### Your assignment
Leaving the pictures aside, write out the whole listing below exactly.

### Collected material
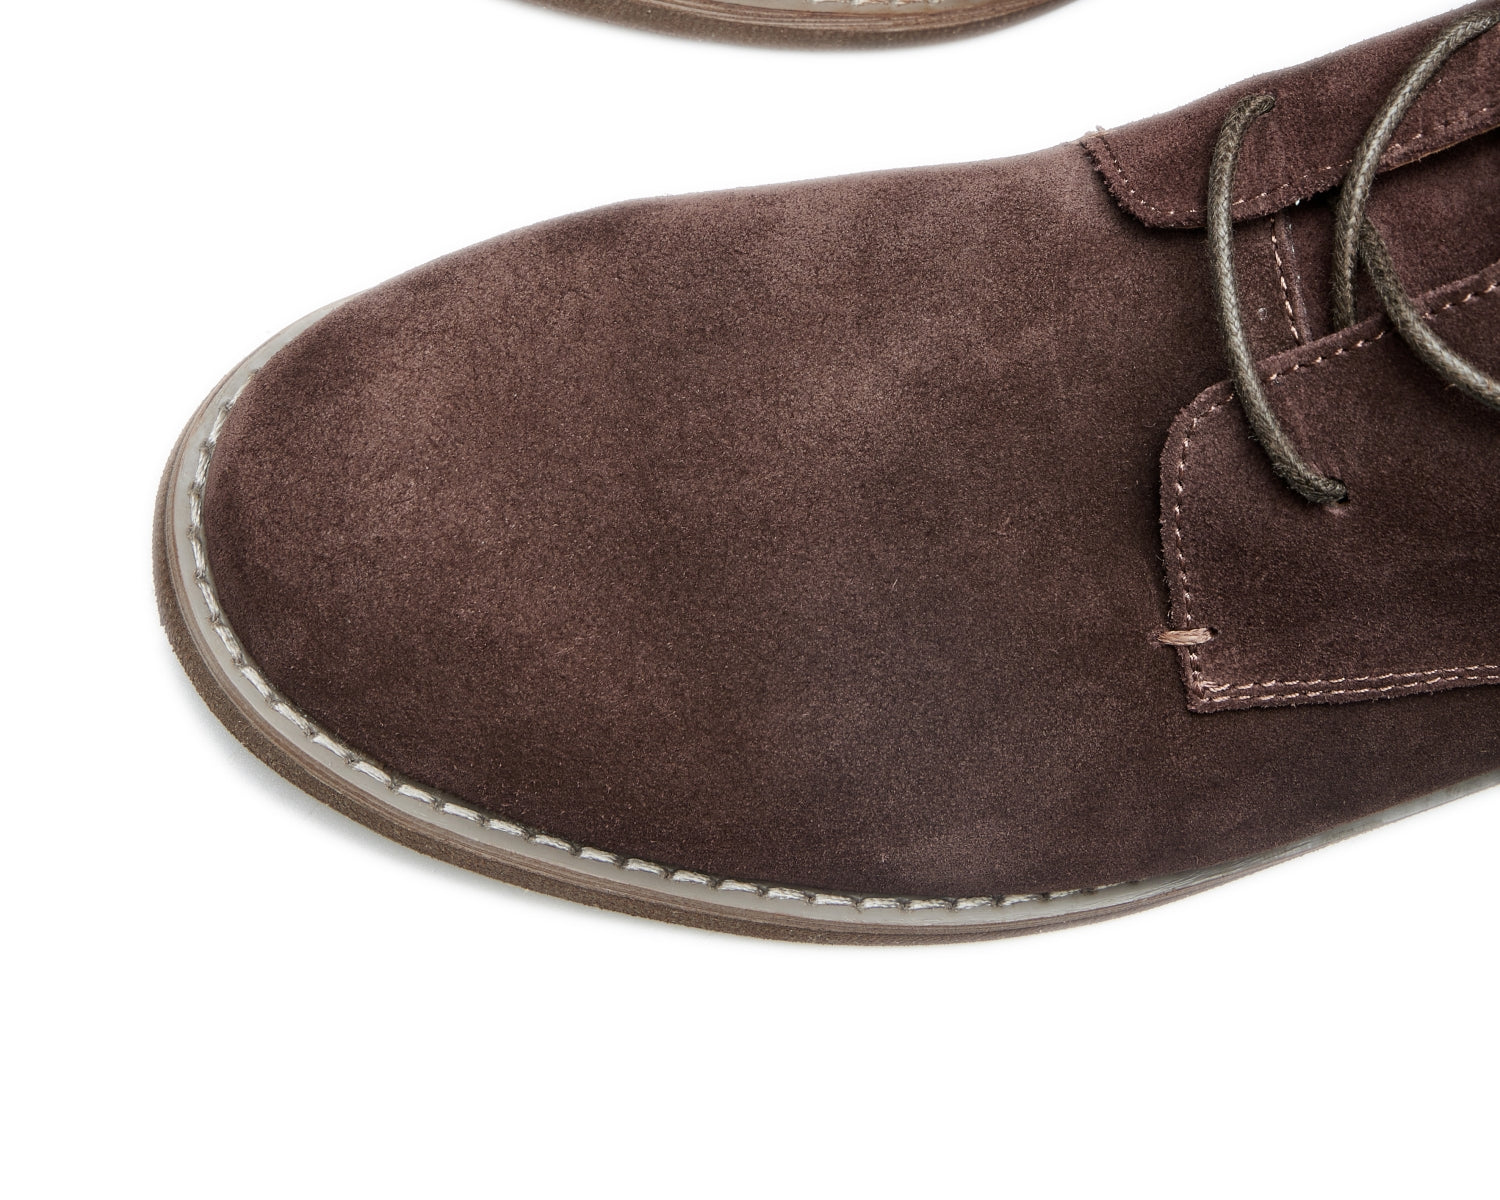 Men's suede chukka boots in various styles including manner, old, and skin designs8
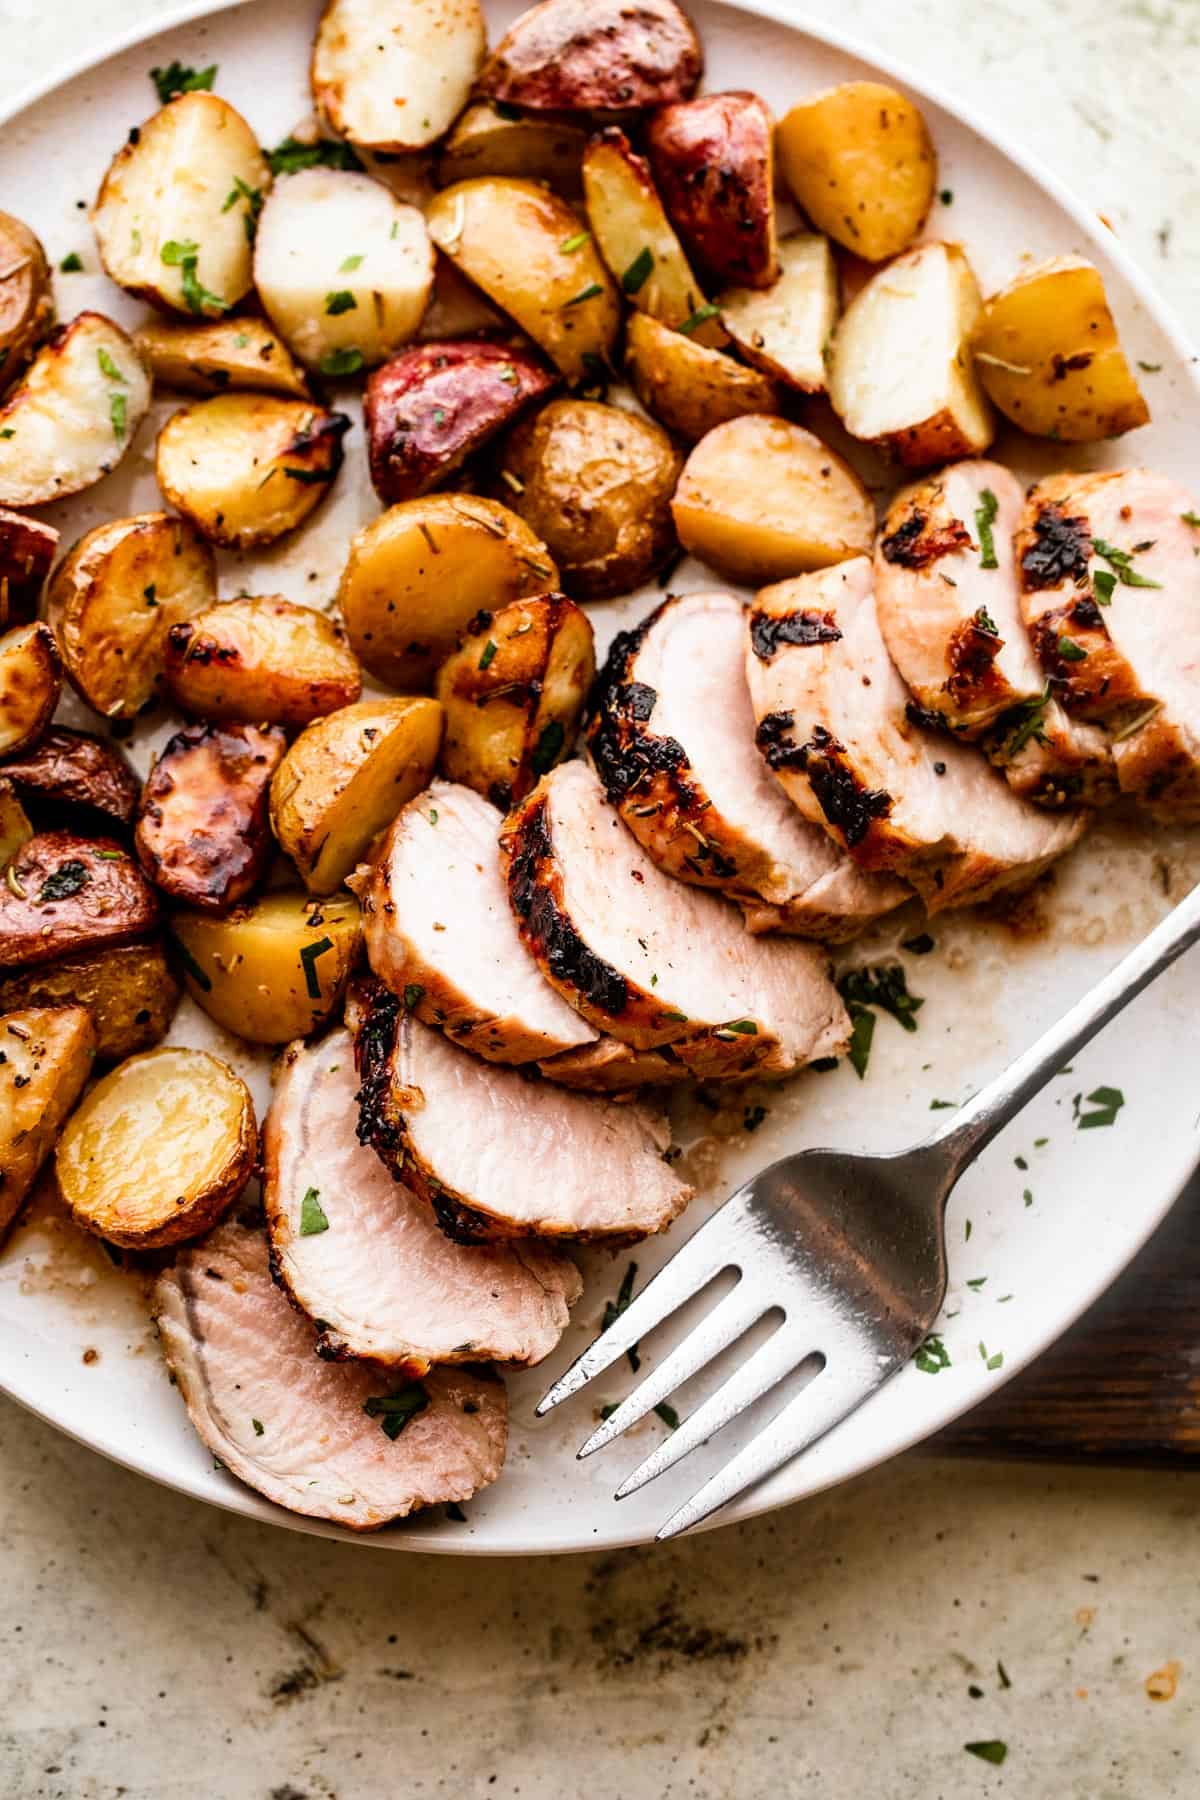 Slices of Roast Pork Tenderloin with Potatoes served on a white round dinner plate.
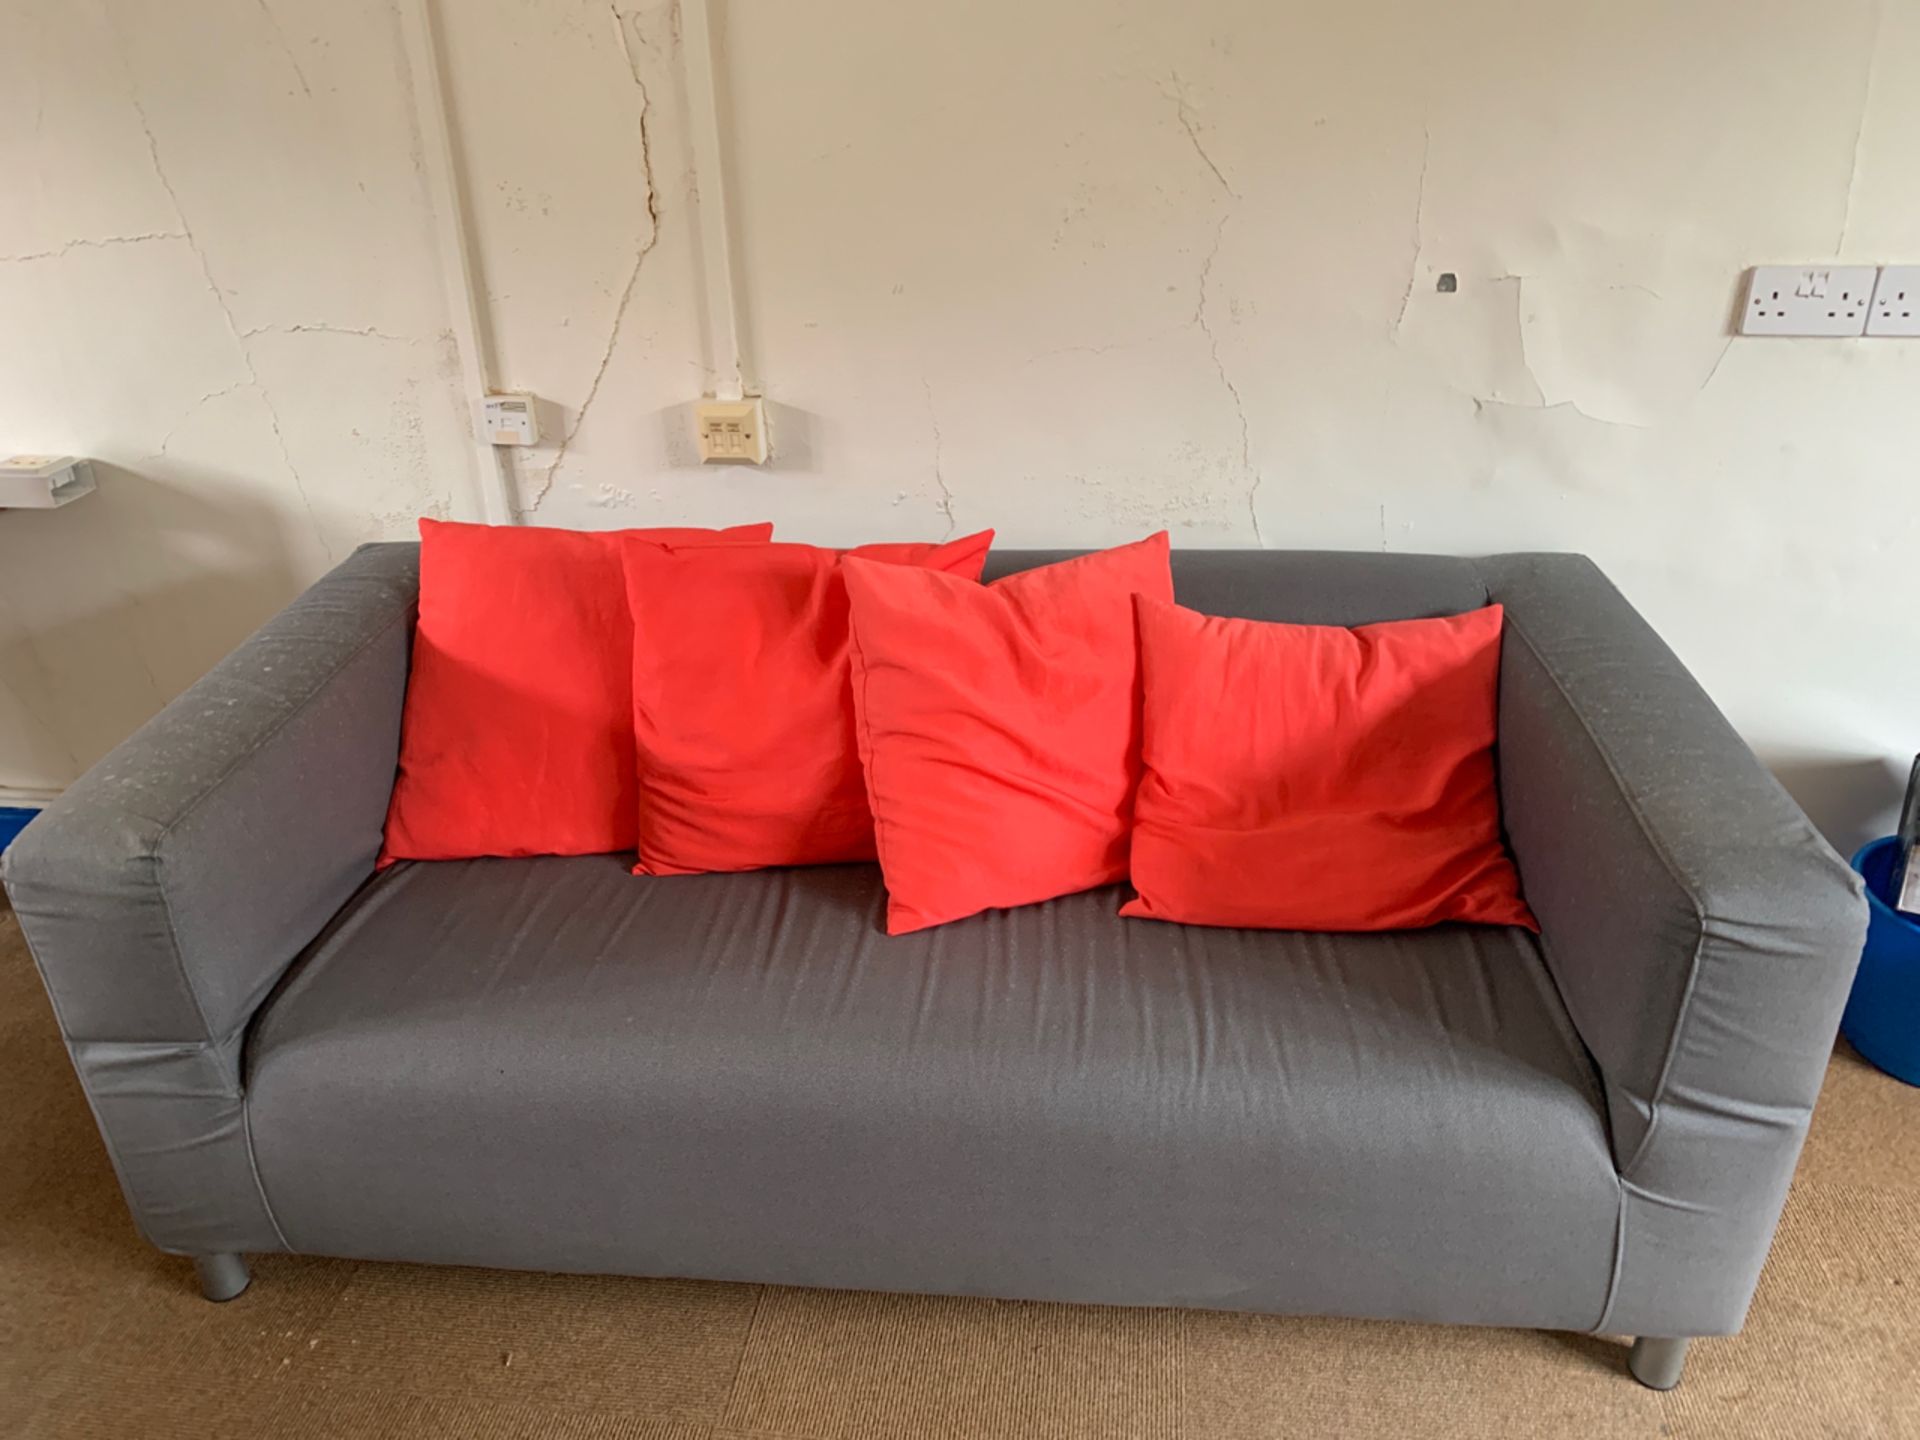 Two Seater Upholstered Sofa - Image 2 of 2

### Response below
 Men's suede chukka boots in various styles including manner, old, and skin designs8
 Slices of Roast Pork Tenderloin with Potatoes served on a white round dinner plate.
 Two Seater Upholstered Sofa - Image 2 of 2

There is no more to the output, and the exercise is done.